If this is not fake news, everyone would be very happy and agree it would be a turning point for the regional security in Northeast Asia and for the process of denuclearization. China is likely to welcome the rapprochement on our doorstep, where war clouds have gathered due to an exchange of bellicose rhetoric on nuclear hostilities.
Is this the culmination of brinkmanship? I am afraid so. Why do we see the current proactive diplomacy by Kim Jong Un in defusing the crisis? Why was he the first to blink in the freezing standoff?

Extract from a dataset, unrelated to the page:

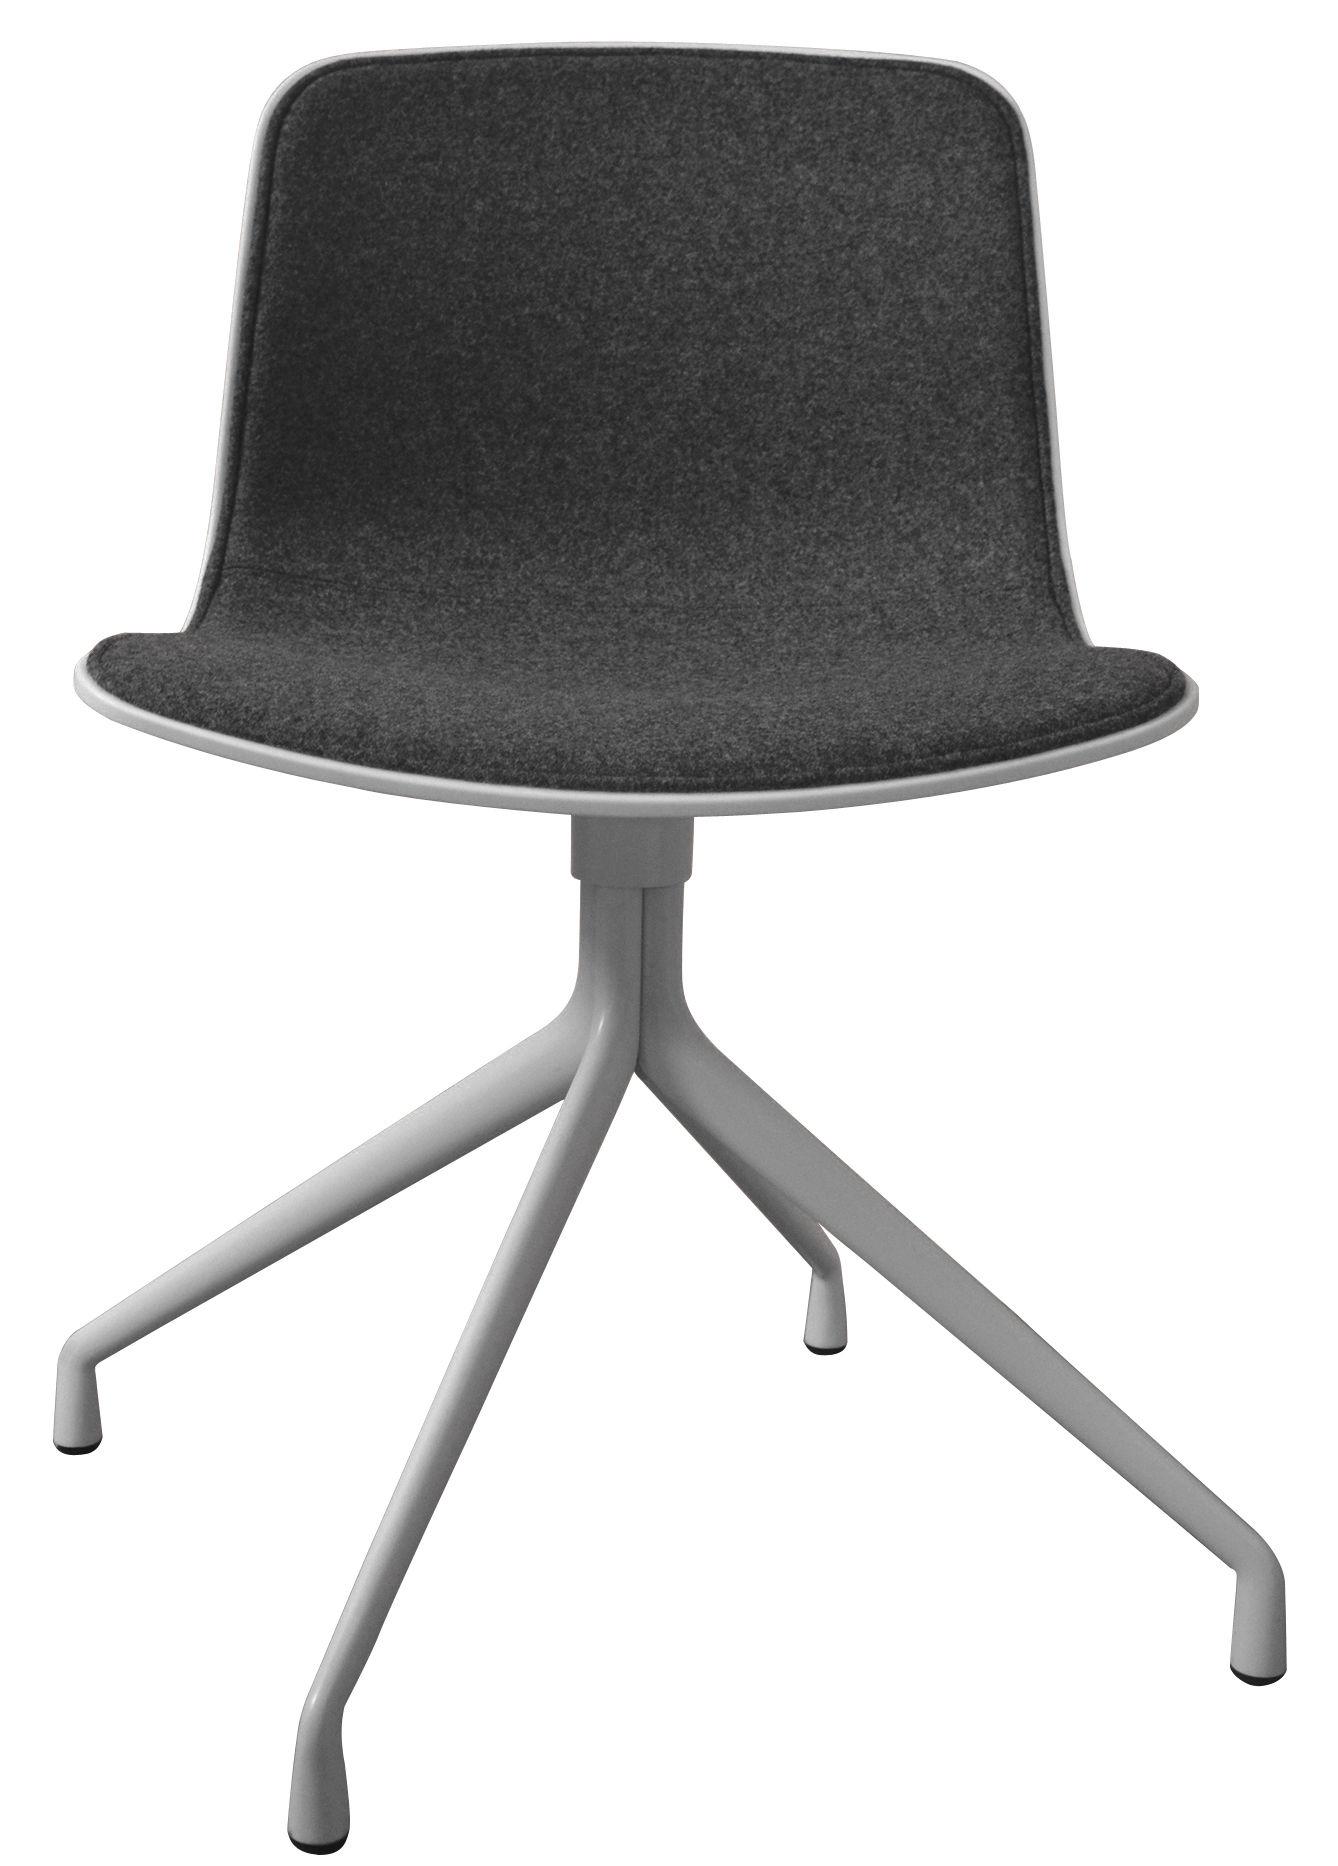 Möbel - Stühle  - About a chair Drehstuhl mit Stoffbezug / 4 Stuhlbeine - Drehstuhl - Hay - Weiß / Bezug grau - Kvadrat-Gewebe, lackiertes Gussaluminium, Polypropylen, Schaumstoff
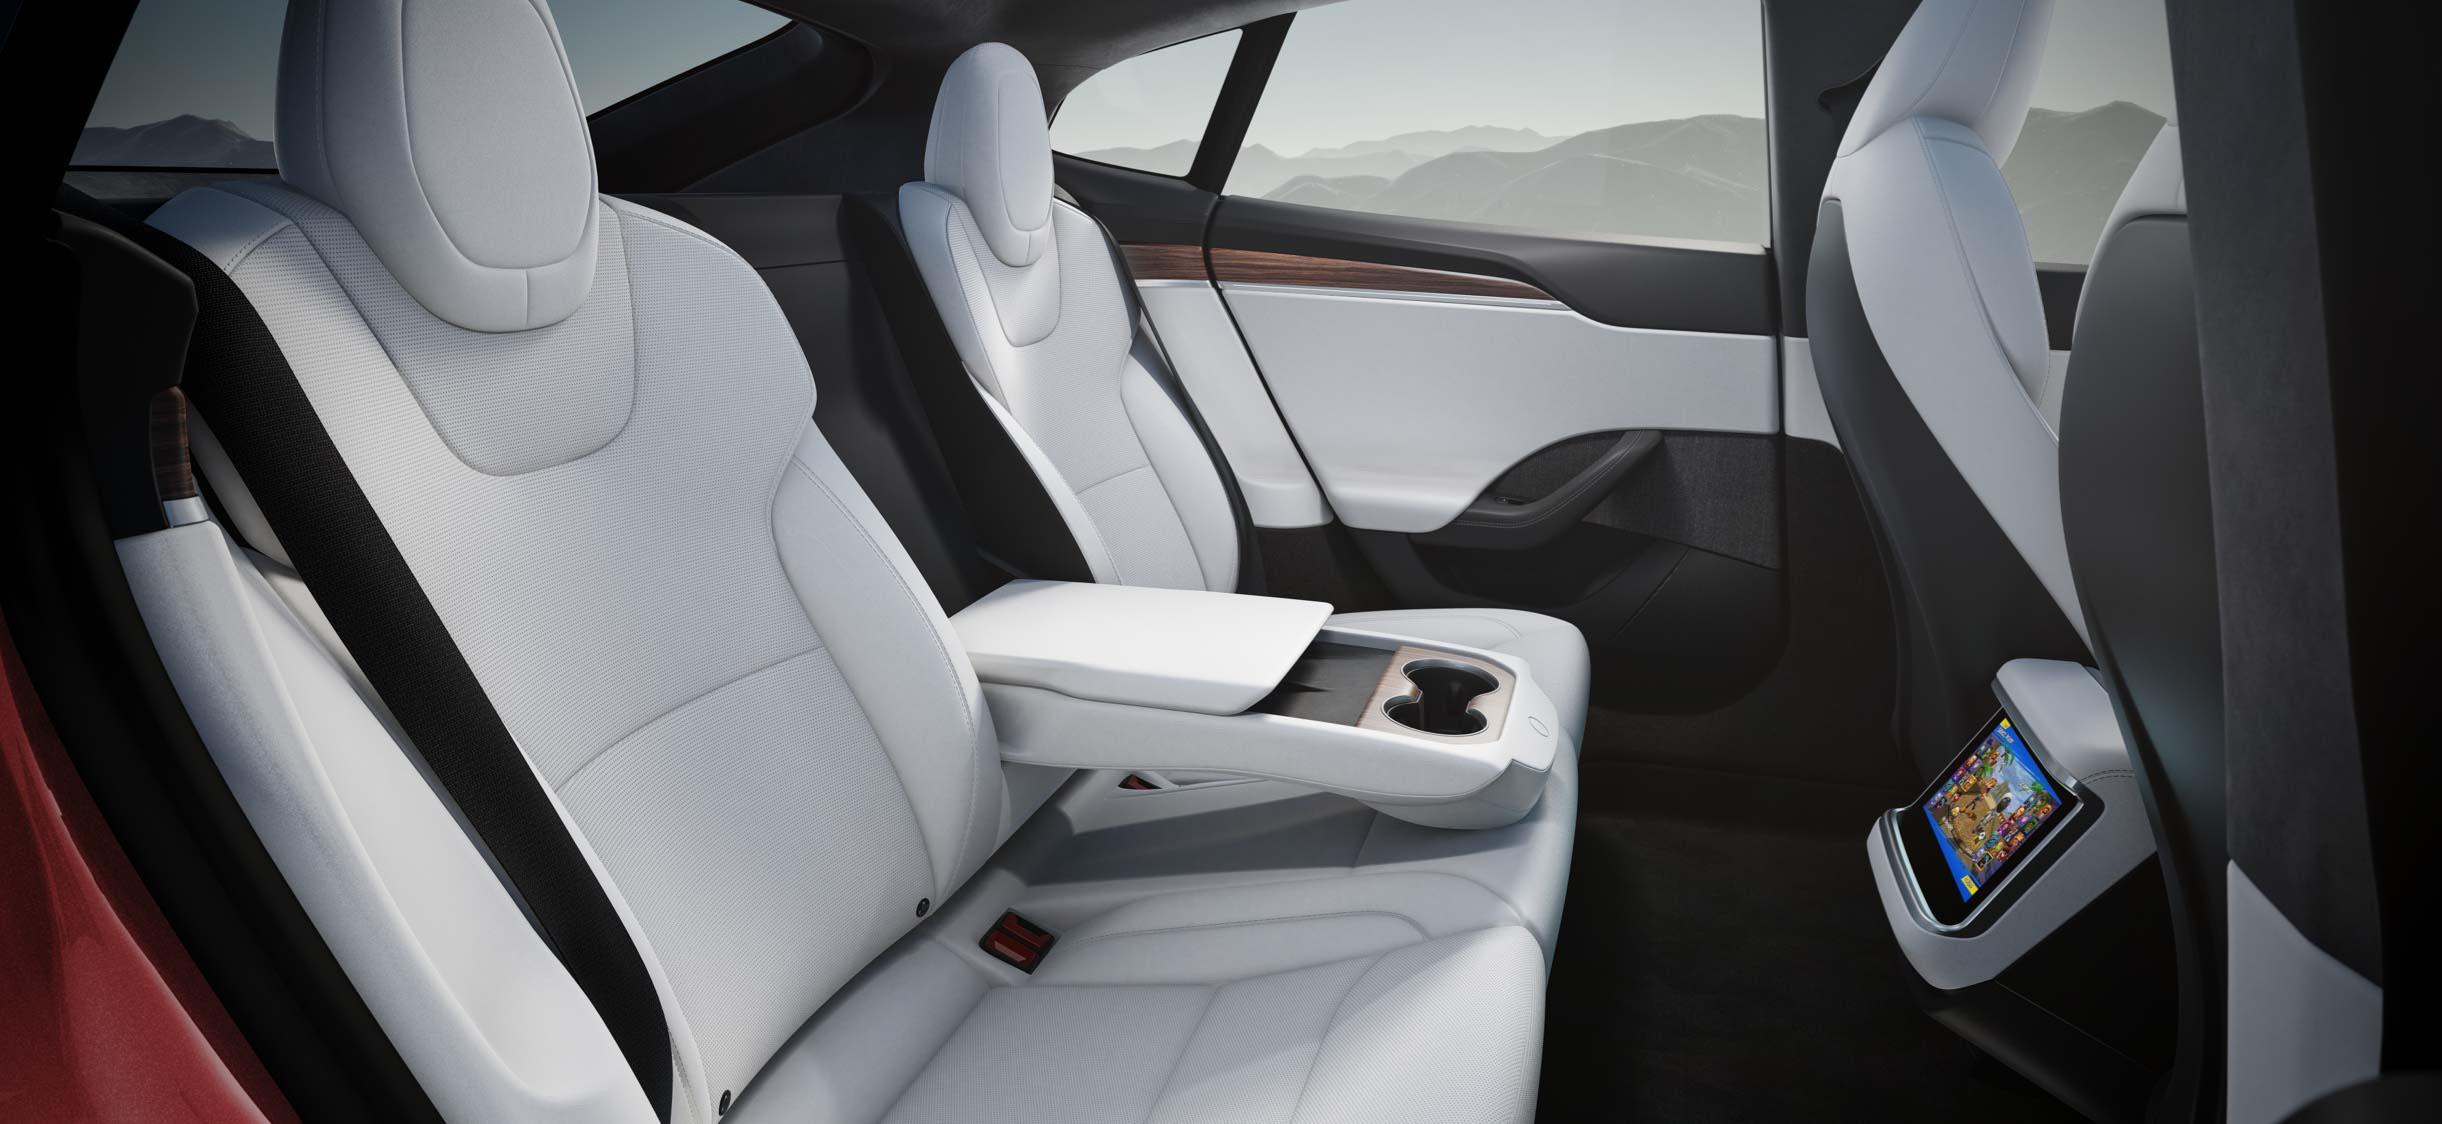 Model S 第二排视角,显示屏和无线充电

The economic sanctions approved by UN Security Council must have paid off and Pyongyang has felt the pinch of isolation. For the Kim government, the mere issue of survival remains a top concern. Once a nuclear-armed regime, Kim would have to come back to the most fundamental issue of the country’s economy. And he says giving up nuclear weapons is the will of his grandfather, Kim Il Sung.
This round of ice-breaking maneuvers kicked off during the PyeongChang Winter Olympics, when the DPRK sent a special envoy to the presidential Blue House in Seoul. Questions remain about whether verifiable, irreversible and comprehensive destruction of the nuclear warheads is possible and what would be done to reward denuclearization.
Ideologically, a defiant US does not like Pyongyang and has not taken the sincerity of the Kim family seriously until last year’s successful test of an intercontinental ballistic missile by the DPRK. The US says strategic patience is over and massive military maneuvers have been going on to prepare for a decapitation strike, allegedly one of the most viable options on the table.
Some observers doubt that the US will be persuaded to accept the olive branch because mounting tensions could justify the formidable military presence of the US-Japan security pact and restrict Chinese influence. But those kind of suspicions are getting nowhere, I am afraid.
A kind of inter-Korean federation under the US security umbrella could help limit China’s maritime commerce through the Tumen River delta region, which is under the control of the DPRK. And the special strategic partnership between China and Russia would also be weakened across the Euro-Asia continent.
Whatever the results of the current intensive triangle diplomacy between the Koreans and Americans, China has to be positive. We need to usher in a more stable era on the periphery. We have to figure out which is the lesser evil, an unfriendly nuclear-armed DPRK plus endless military drills, or a peaceful Korean Peninsula without rattling sabers.
Trump has to make sure that his meeting with Kim might help him survive the current mushrooming scandal of an affair with a porn star at home and the mid-term election for his party. Trump is playing with fire. But he is a master on the stage. We hope the unpredictability of the two leaders will become more predictable.